Blogger Bryan Finoki said...

Regretfully, what if in the end the “world’s largest embassy” today becomes a kind of future iteration of a new great walled city tomorrow, like Jerusalem. That is to say, I wonder if the creation of the NEC isn’t in some ways becoming a kind of conflicted capital zone that shares many of the same problems, political spheres, territorial disputes, as that between Israel and Palestine. What comparisons can be made between the Israeli domination of Jerusalem and the American occupation of Baghdad? As long as the mess in Iraq looks like a larger extension of the Arab/Israeli conflict, then I am curious to trace the spatial constructs and dimensions of power that also illustrate this link. Are the Americans constructing another militarily contested urban Jerusalem out of Baghdad? Will the New Embassy Compound serve the future sectarian divide of Iraq the same way as Jerusalem has the chief contested spot between the Arabs and Palestinians? Are the American’s literally reconstructing a repeated mistake with this new walled city? It makes Jerusalem look so garrisoned for military purposes. Am I crazy or are there mad connections to be made between the state of Jerusalem and Fortress Baghdad? Will this massive compound that is the size of the Vatican city be the new Jerusalem in 200 years?

9:53 PM  
Blogger Phila said...

Or, can such a fortress persist only towards an inevitable destruction? Will its very architectural existence always ensure that conflict will surround it?

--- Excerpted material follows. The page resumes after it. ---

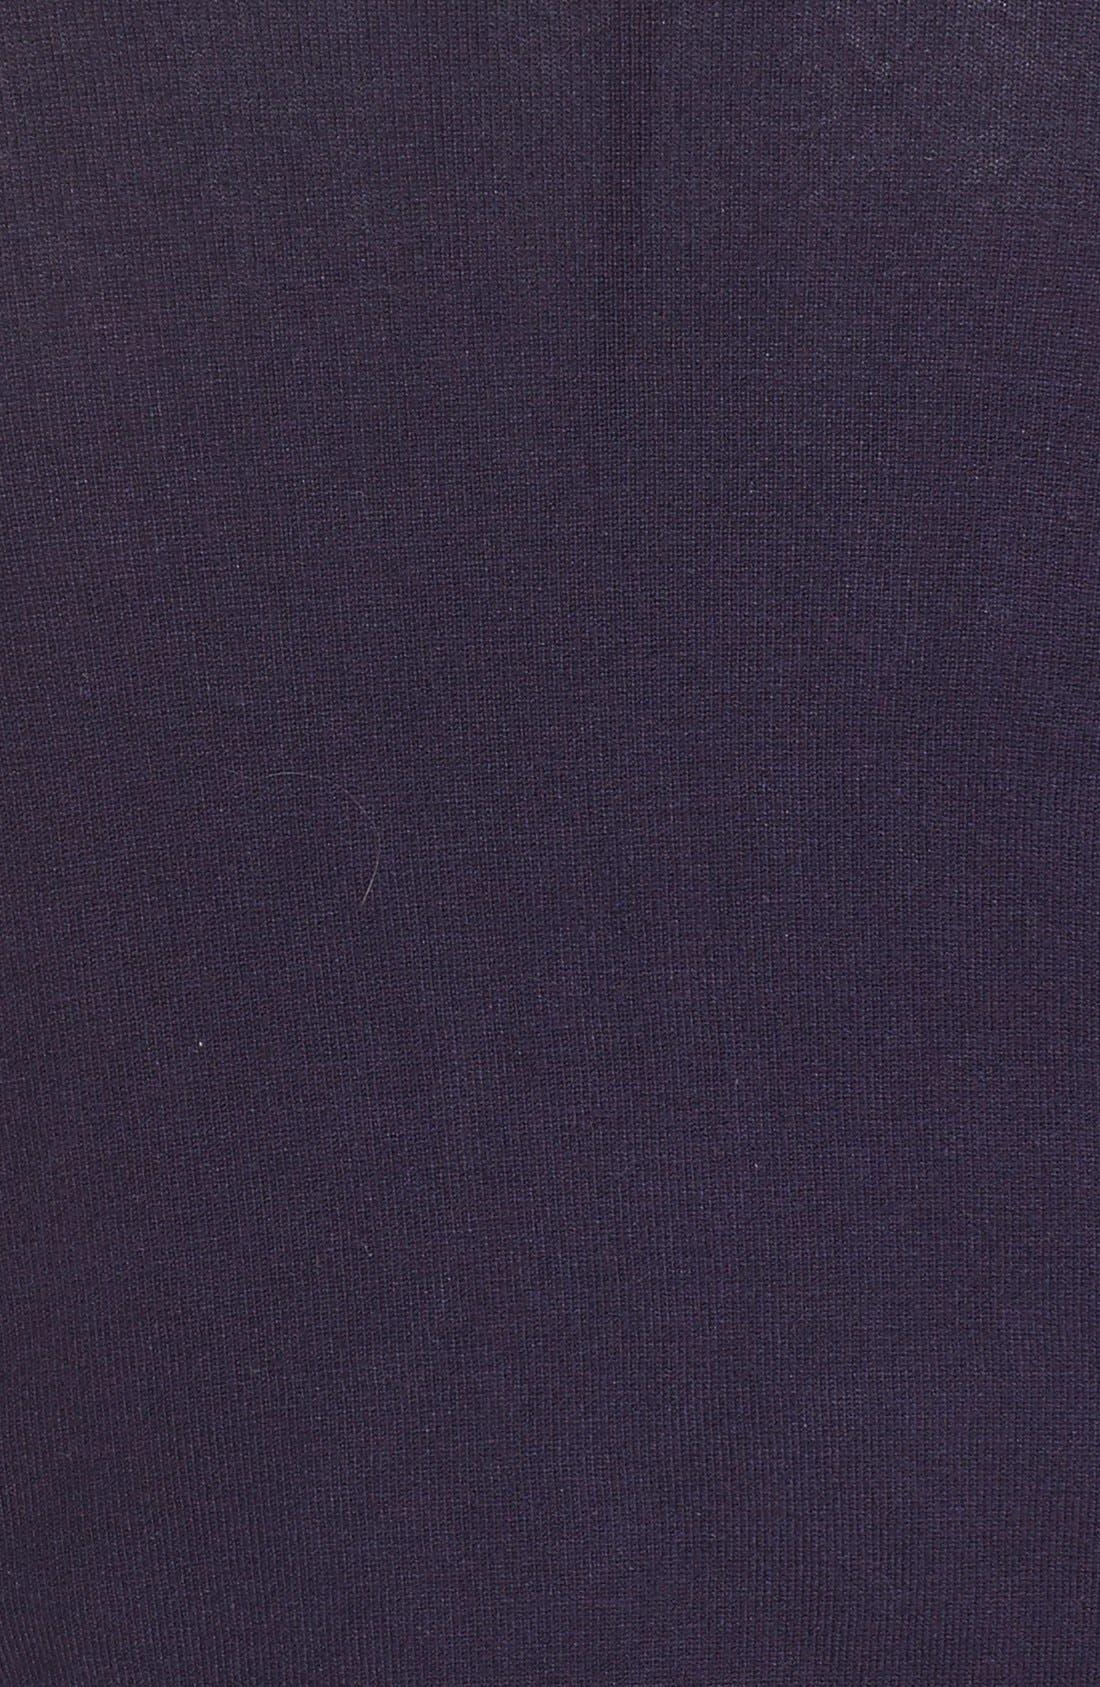 Three Quarter Sleeve Shrug,                             Alternate thumbnail 5, color,                             Navy

Bingo. As per W.G. Sebald, it "casts the shadow of its own destruction before it."

3:04 PM  
Blogger Subtopia said...

great quote, Phila.
perfect, actually. thanks!

12:37 PM  
Blogger MT said...

It's not so analogous to new Jerusalem as to the ancient walled city of the crusaders. I could imagine the size of the footprints are comparable, given that Sulamein's walls encompass more area than the walls in the crusader period did.

3:58 PM  
Anonymous Anonymous said...

Looks like they don't want anyone seeing those plans...
http://rawstory.com/news/afp/US_scrambles_to_remove_plans_for_ne_05312007.html

11:23 AM  
Blogger MT said...

Well here at least is a plan of Jerusalem, which suggests that the Guardian's 104 acre spec for the American fortress in Baghdad sound about equivalent. Unless the Guardian meant crusader acres. I could believe we're talking about a fortress that's 104 times one of those.

5:38 PM  
Anonymous Anonymous said...

The comparison to Jerusalem, especially the Roman occupation of Jerusalem, is painfully appropriate.

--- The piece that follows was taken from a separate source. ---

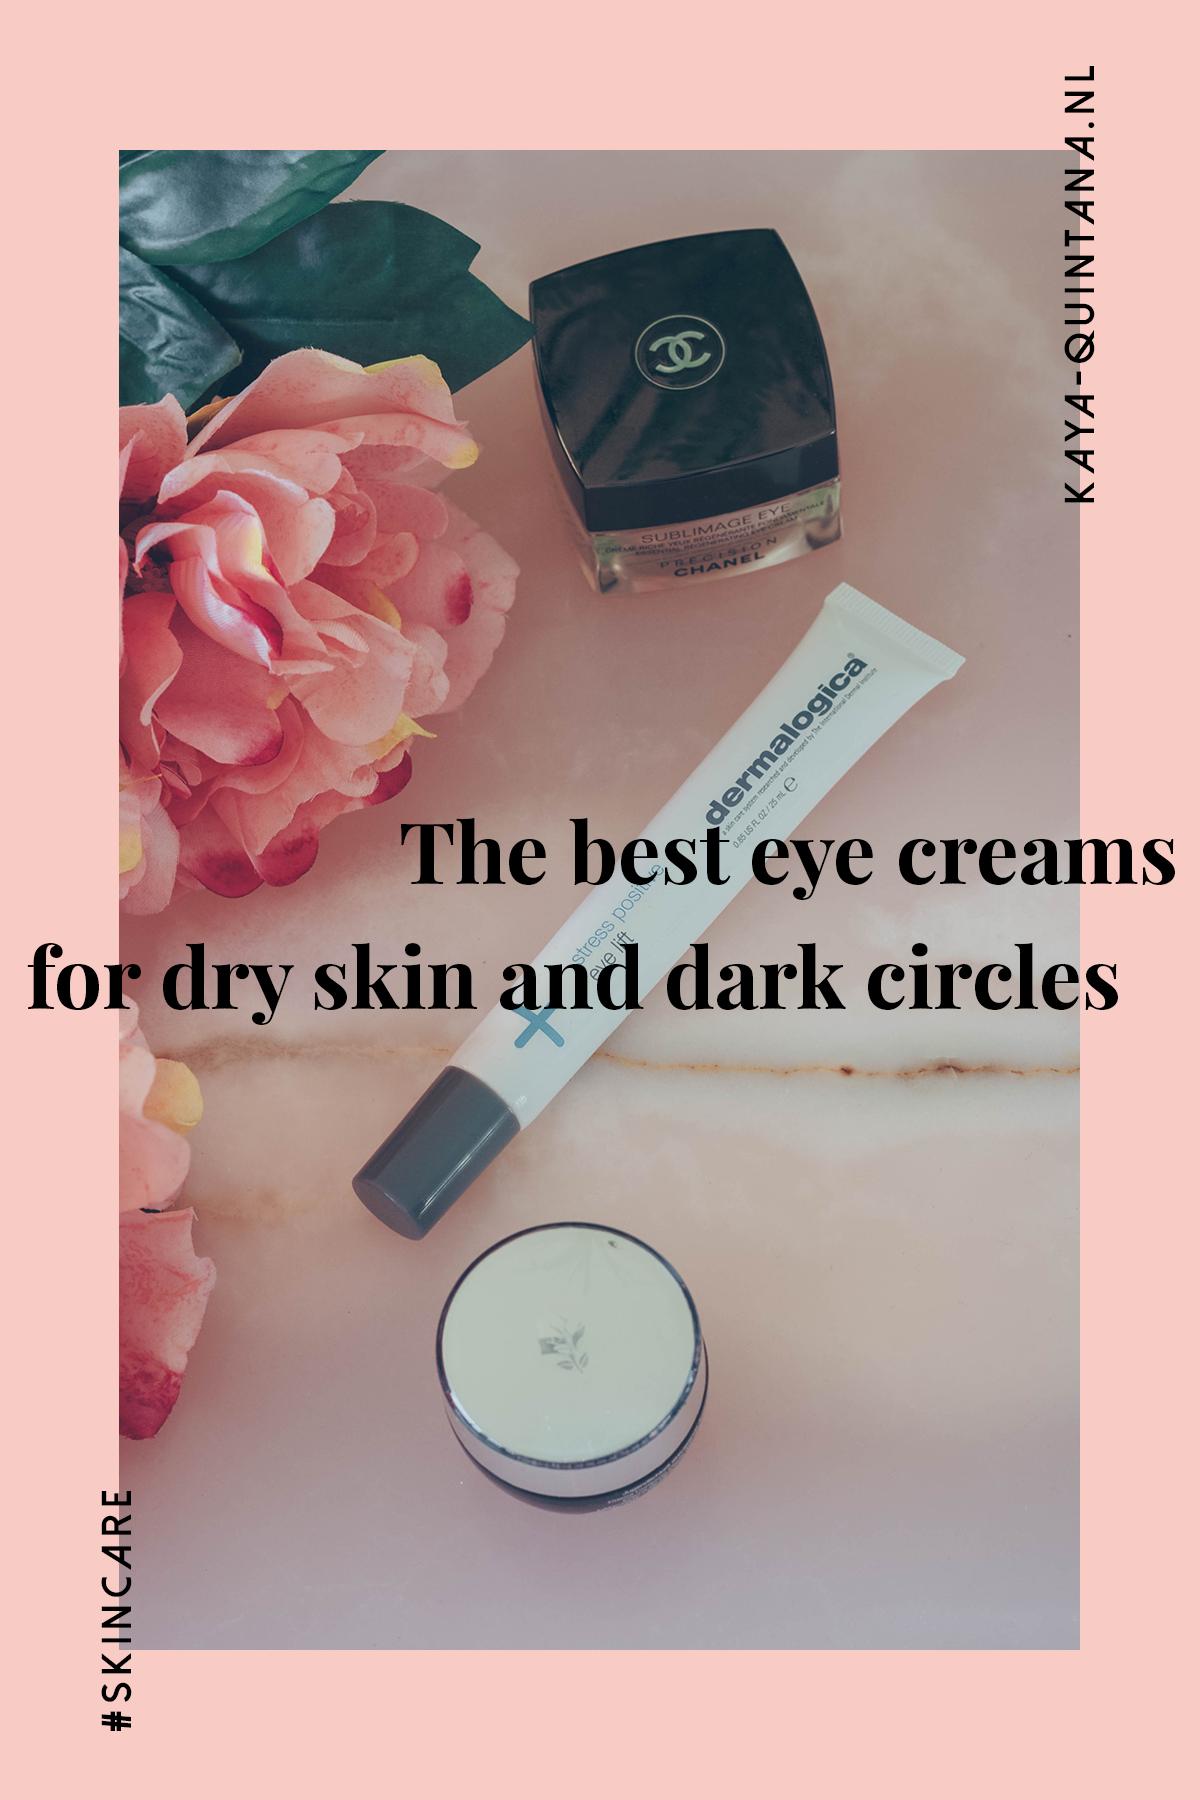 The best eye creams

That "model" also illustrates that the only time an occupying army has been able to eliminate an insurgency is when the occupiers totally destroy the country.

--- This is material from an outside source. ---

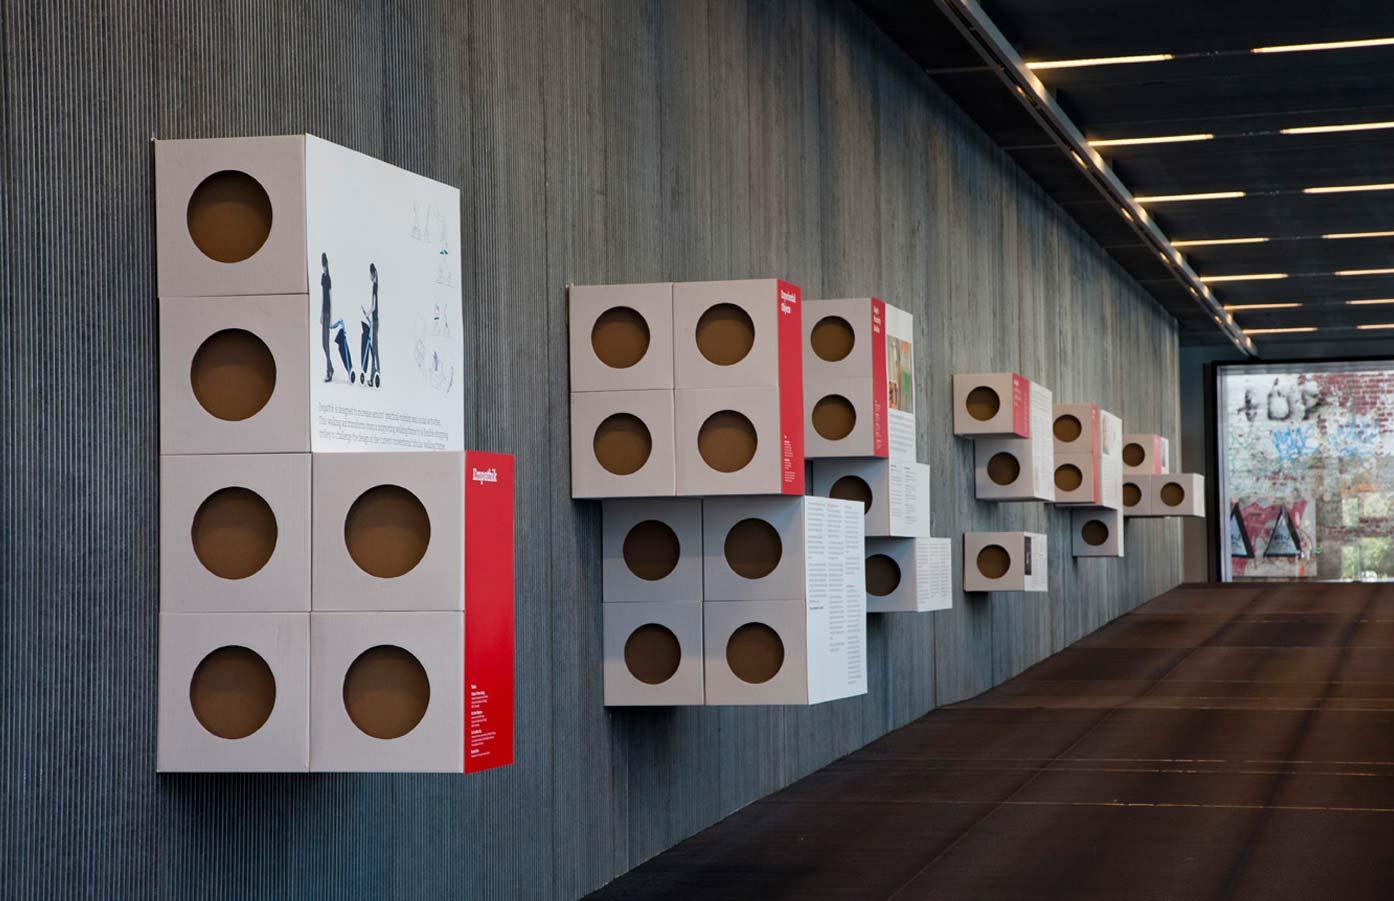 Paper-Tiger-RMIT-DesignChalleng-05.jpg

Short of bringing in a 350,000 member UN Peacekeeping force from China to disarm the country border-to-border and door-to-door, and despite the horrors of Saddam Hussein, Rumsfeld may have won the battle in March of 2003, but he lost the war in July 2003 when he disarmed the surviving Iraqi army.

We will be paying for his stupidity for a long, long time.

9:13 AM  
Anonymous Anonymous said...

YTHIS "NEW U.S. EMBASSY" THAT IS BUILT UPON BABLYON WILL SERVE AS THE THRONE FOR THE DARK ONE THAT WILL ARISE.
THANKS TO THE IRAQ/SAUDI AGENDA, WE (U.S.) ARE HELPING TO FULFILL PROPHECY. I AM SAD TO SEE THE U.S. TAKE SUCH PART.